VLCADD is short for “very long chain acyl-CoA dehydrogenase deficiency.”
VLCADD occurs when an enzyme, called “very long chain acyl-CoA dehydrogenase” (VLCAD) is either missing or not working properly. This enzyme’s job is to break down certain fats from the food we eat into energy. It also breaks down fat already stored in the body. Energy from fat keeps us going whenever our bodies run low of their main source of energy, a type of sugar called glucose. Our bodies rely on fat when we don’t eat for a stretch of time – like when we miss a meal or when we sleep. When the VLCADD enzyme is missing or not working, the body cannot break down fat for energy and must rely solely on glucose. Although glucose is a good source of energy, there is a limited amount available. Once the glucose has been used up, the body tries to use fat without success. This leads to low blood sugar, called hypoglycemia, and to the build up of harmful substances in the blood. ( website)
It is a genetic disorder, so the mother and father must both be a carrier or one of them has the disorder. This also means that every child we have has the possibility of having VLCADD.
Diet and Lifestyle
As a baby, Benaiah’s diet is pretty much like everyone else. Up until he was 6 months old, he was exclusively breastfed. He had to eat every 4 hours so that meant even at night we had to wake him up to feed him.
Now at 9 and a half months, he is trying table foods and still has breast milk 5 times a day. He cant go longer than 5 hours without eating and he is limited to only 5 fat grams from food per day.
When Benaiah turns 1, he can go 6 hours between feedings and his fat intake will depend on his weight. He won’t be able to have whole milk, it will have to be 2% or maybe 1%, because of the fat content. His body can break down medium chain fats which typically aren’t in foods. So because of that, we will have to give him MCT oil (probably in his milk) and that’s where about 60% of his daily fat will come from.

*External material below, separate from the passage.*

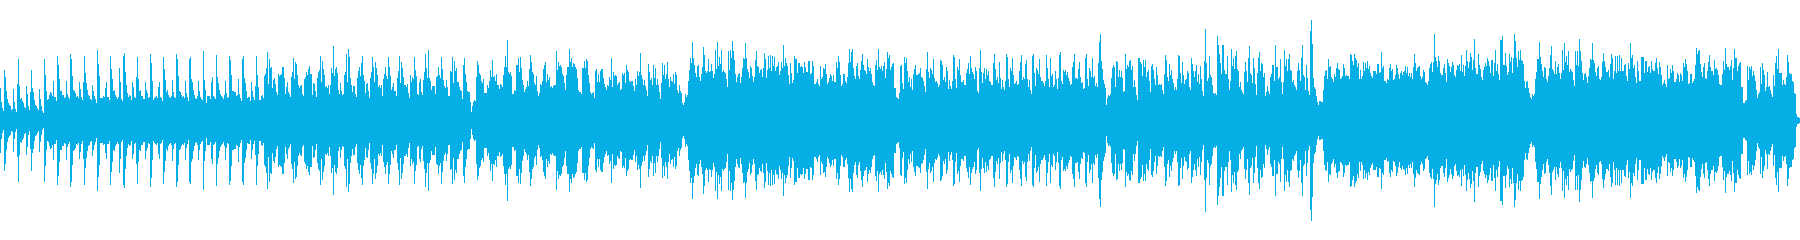 ケルト・ファンタジー系のBGMですの再生済みの波形
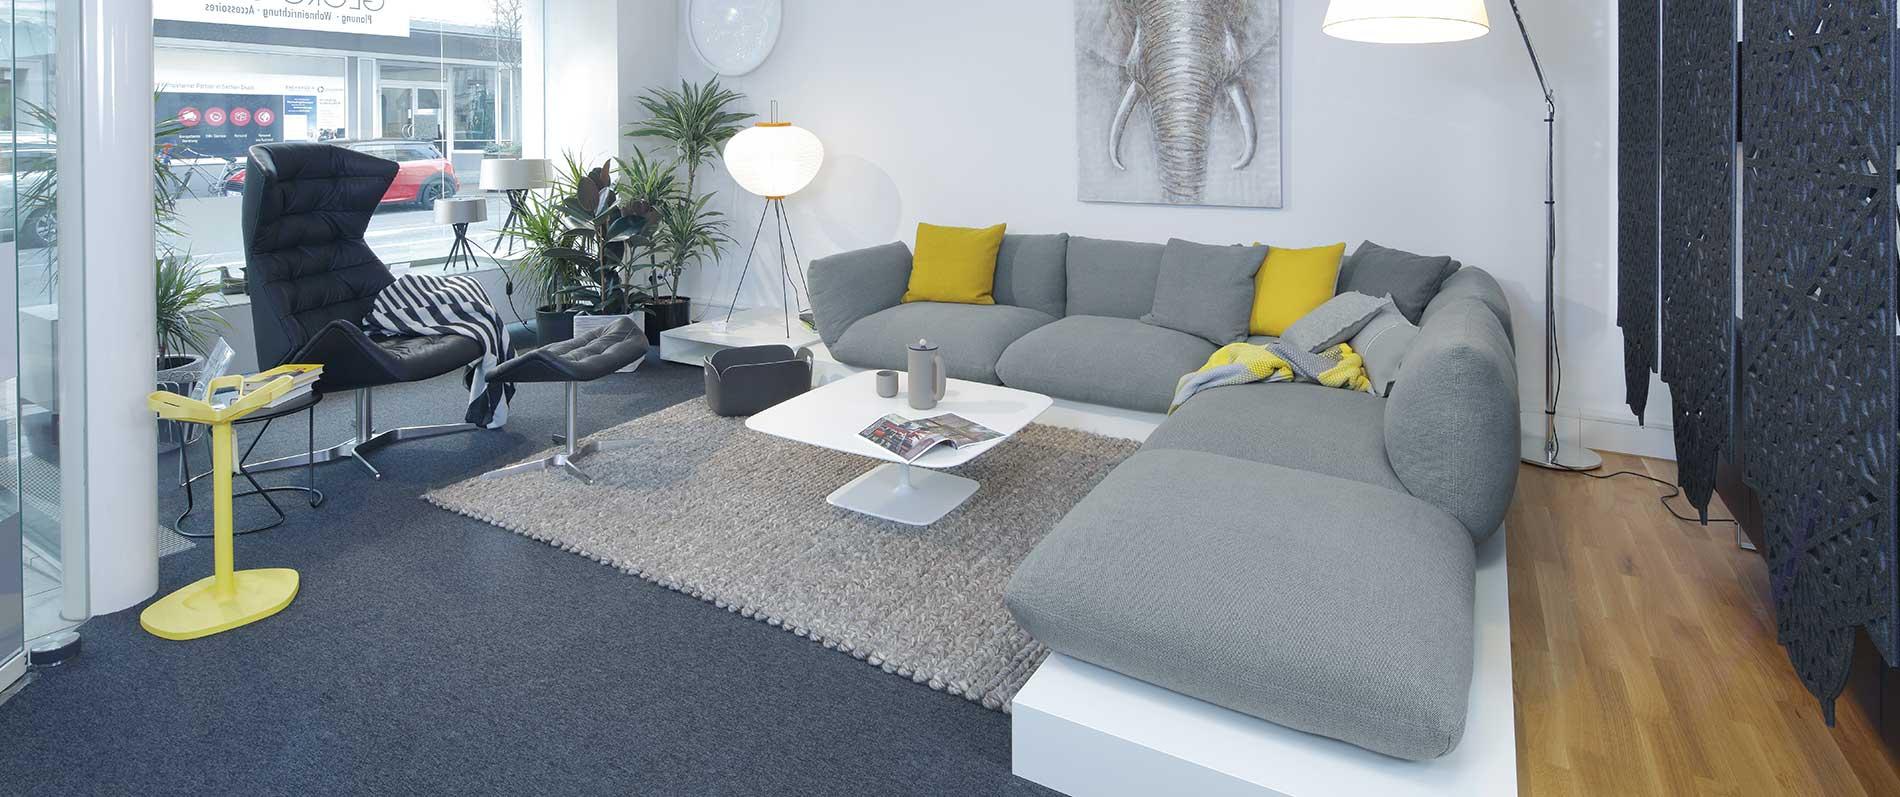 einrichtung f r ihr zuhause wohnen design georg greb. Black Bedroom Furniture Sets. Home Design Ideas

(Have I confused you yet? Trust me, it’s a lot of information and I’m STILL trying to figure it all out!)
As Benaiah grows, his fat intake will increase as well as time between feedings. However, he will never be able to fast or go a long period of time without food. If he decides to do sports or other physical activities, we will have to take even more precautions than usual. (Thankfully we will have at least a few years until we get to that point! 🙂 )
Benaiah has a unique case of VLCADD. Doctors have done multiple tests and they have all come back without a definite diagnosis. However, our geneticist believes that Benaiah is either a carrier OR has a mild case of VLCADD. Because of this, his diet restrictions aren’t as extreme as kids or adults that have a severe case. For that, we are extremely thankful (and always blessed)!!
Benaiah also has an emergency protocol if he were to become sick, start vomiting or refuse to eat. Basically we would have to take him straight to the ER so they can monitor everything and make sure he has enough fluids.
With our child having VLCADD, it’s hard to not think about the scary things that could happen. However, I am constantly reminded that the Lord is sovereign and He is in control of everything, for which I am so grateful for! God has blessed us with the most precious boy in the entire world and we know he has VLCADD for a reason. I’m hopeful that doctors will one day have another test we can take to determine either “yes he does had VLCADD” or “no he doesn’t”. Until then, I’m going to continue to share our story!